**Materials provided**
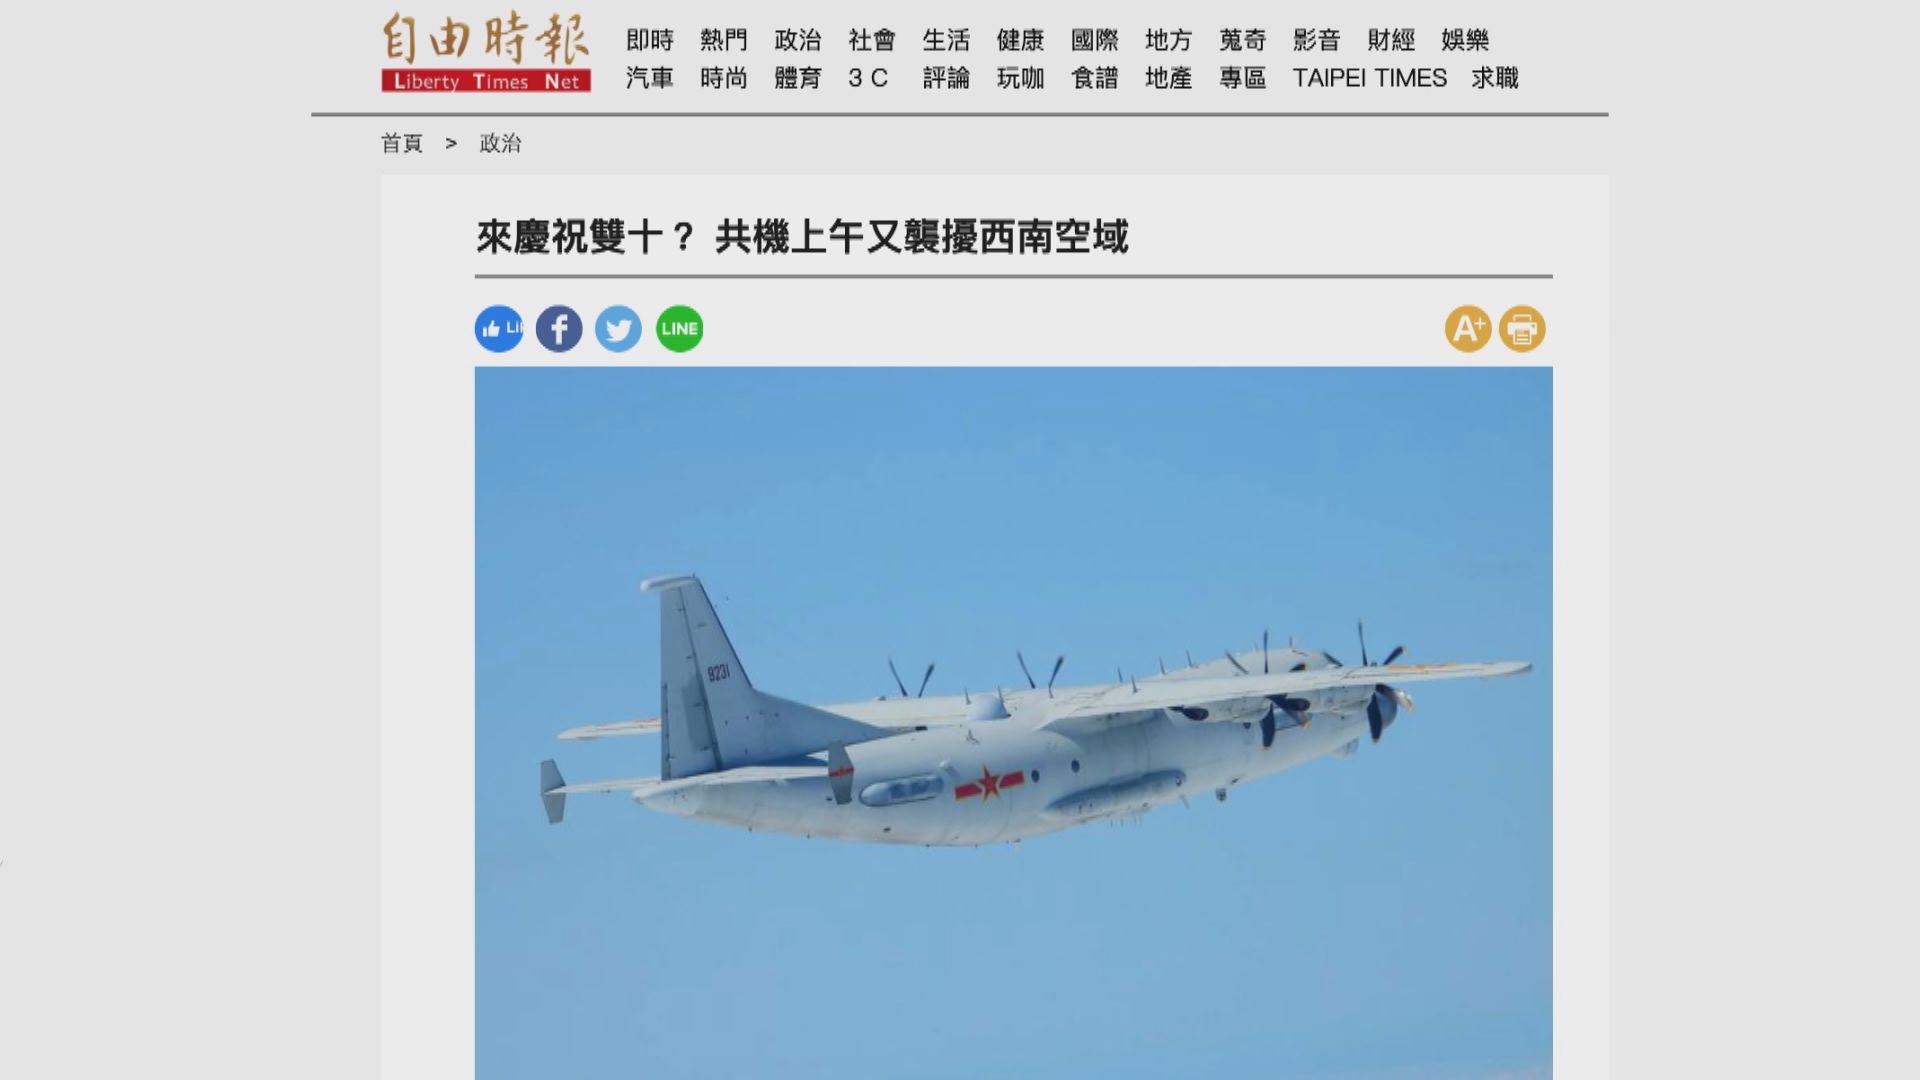 報道指解放軍軍機早上再進入台灣空域
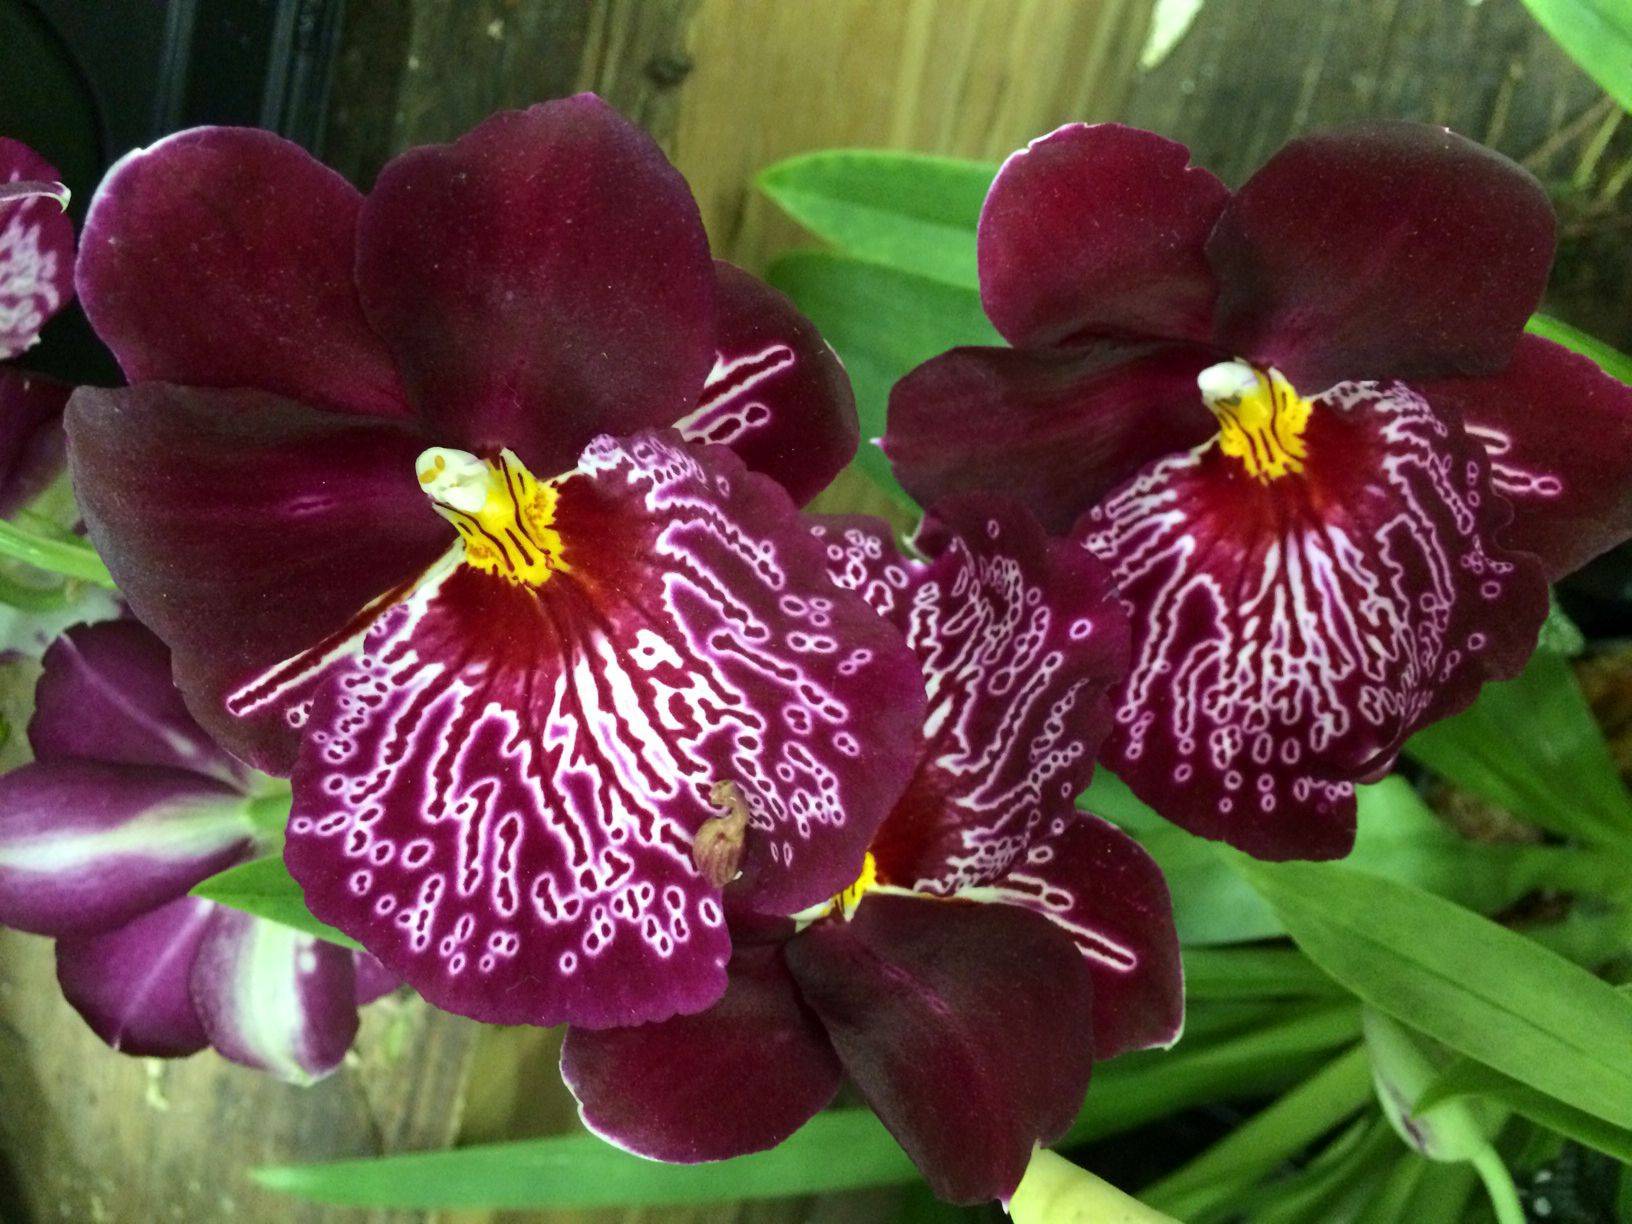 Орхидея мильтония: описание, главные отличия от других видов, фото сортов этого растения и советы по уходу за цветком в домашних условиях
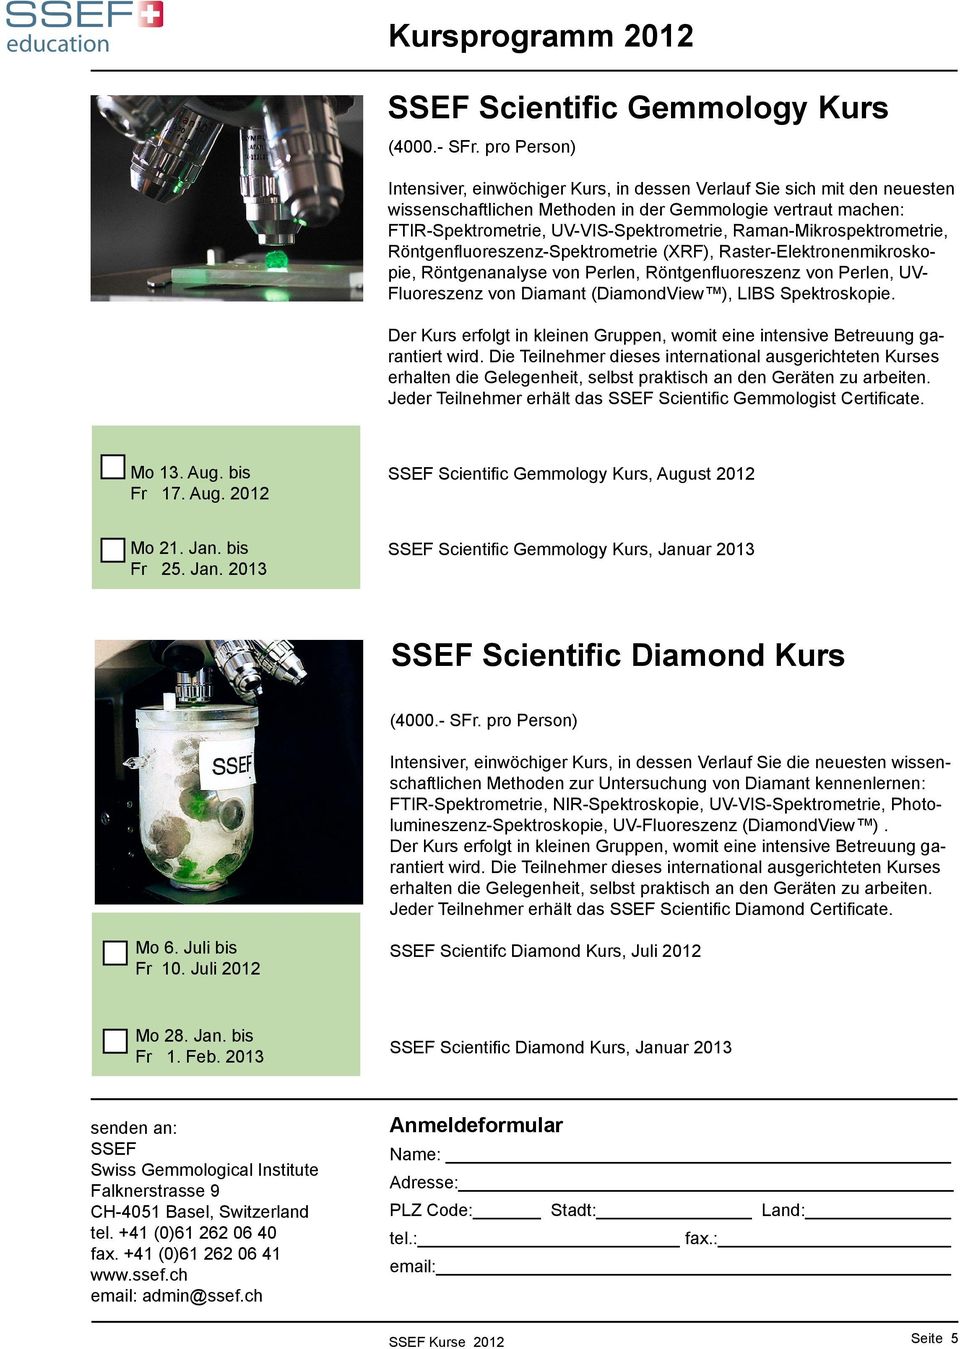 Raman-Mikrospektrometrie, Röntgenfluoreszenz-Spektrometrie (XRF), Raster-Elektronenmikroskopie, Röntgenanalyse von Perlen, Röntgenfluoreszenz von Perlen, UV- Fluoreszenz von Diamant (DiamondView ),
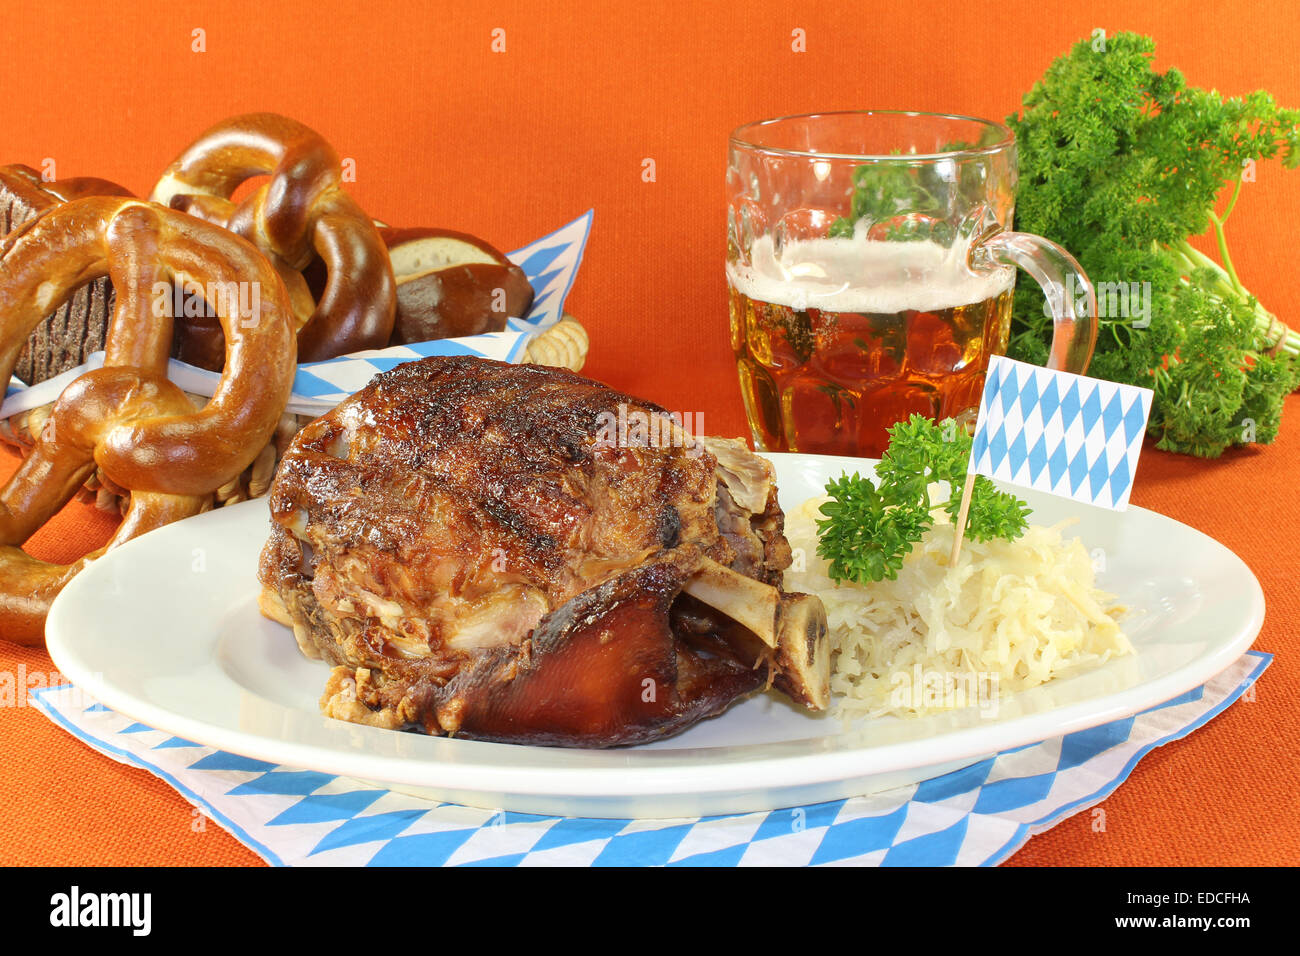 Pork knuckle with sauerkraut and pretzels Stock Photo
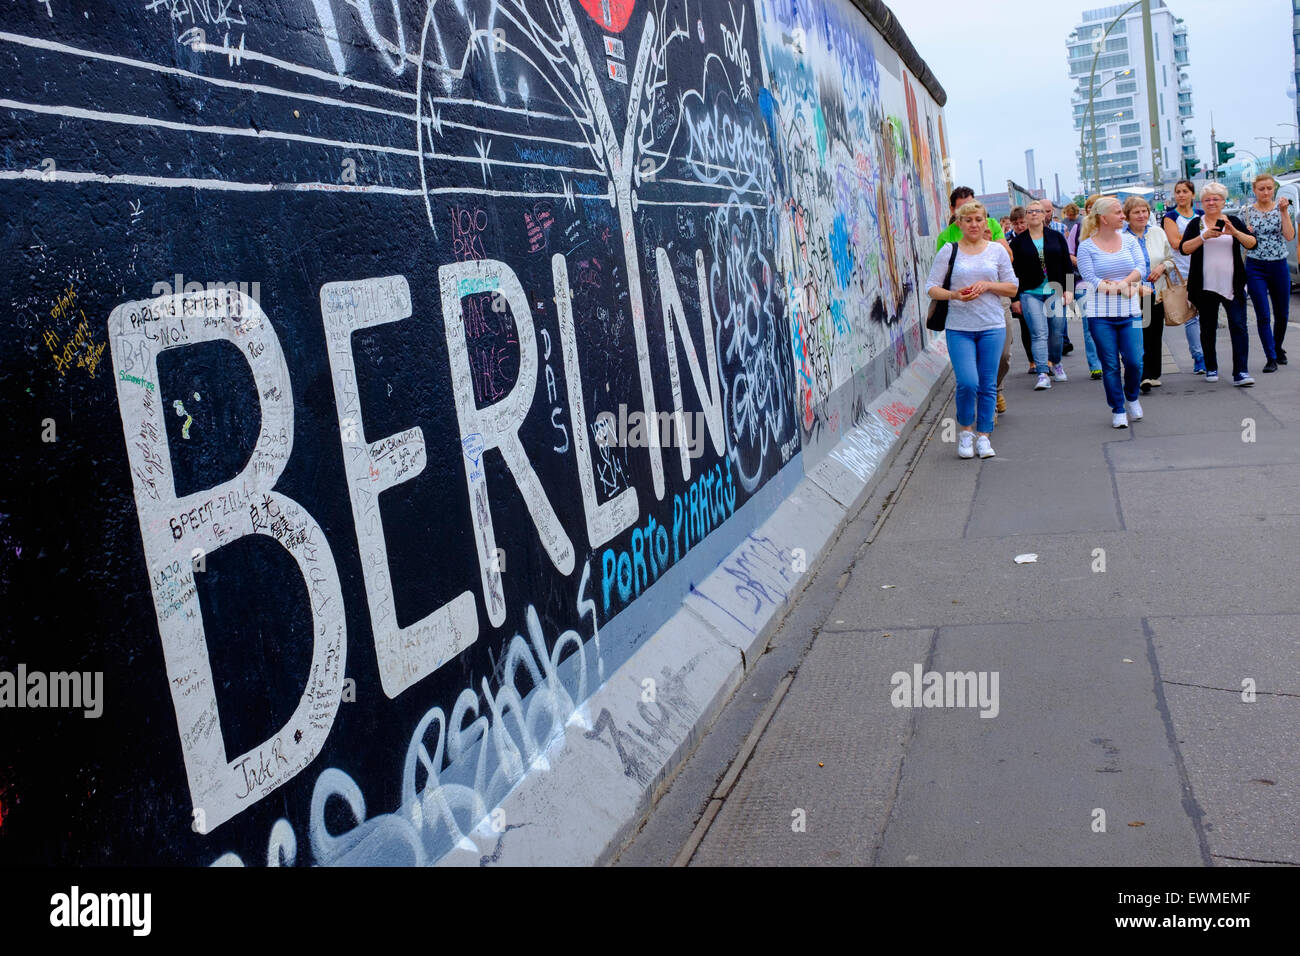 Los turistas atravesar el Muro de Berlín la sección restante en East Side Gallery con muchas pinturas murales y graffiti en Friedrichshain Foto de stock
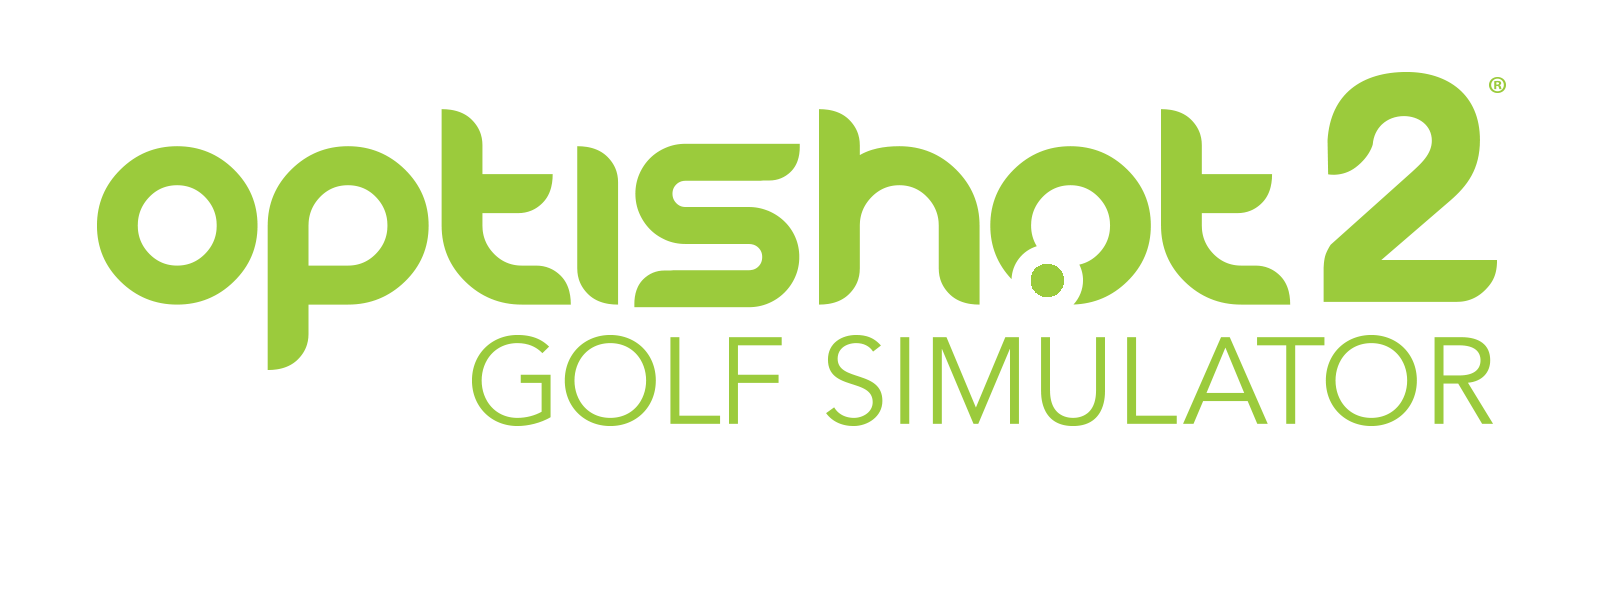 Domácí golfový simulátor OptiShot2, verze 2017

**Problem description**
Your task is an exact printout of the records above, with no pictures.

**Response to the task**
 報道指解放軍軍機早上再進入台灣空域
 Орхидея мильтония: описание, главные отличия от других видов, фото сортов этого растения и советы по уходу за цветком в домашних условиях
 Raman-Mikrospektrometrie, Röntgenfluoreszenz-Spektrometrie (XRF), Raster-Elektronenmikroskopie, Röntgenanalyse von Perlen, Röntgenfluoreszenz von Perlen, UV- Fluoreszenz von Diamant (DiamondView ),
 Pork knuckle with sauerkraut and pretzels Stock Photo
 Los turistas atravesar el Muro de Berlín la sección restante en East Side Gallery con muchas pinturas murales y graffiti en Friedrichshain Foto de stock
 Domácí golfový simulátor OptiShot2, verze 2017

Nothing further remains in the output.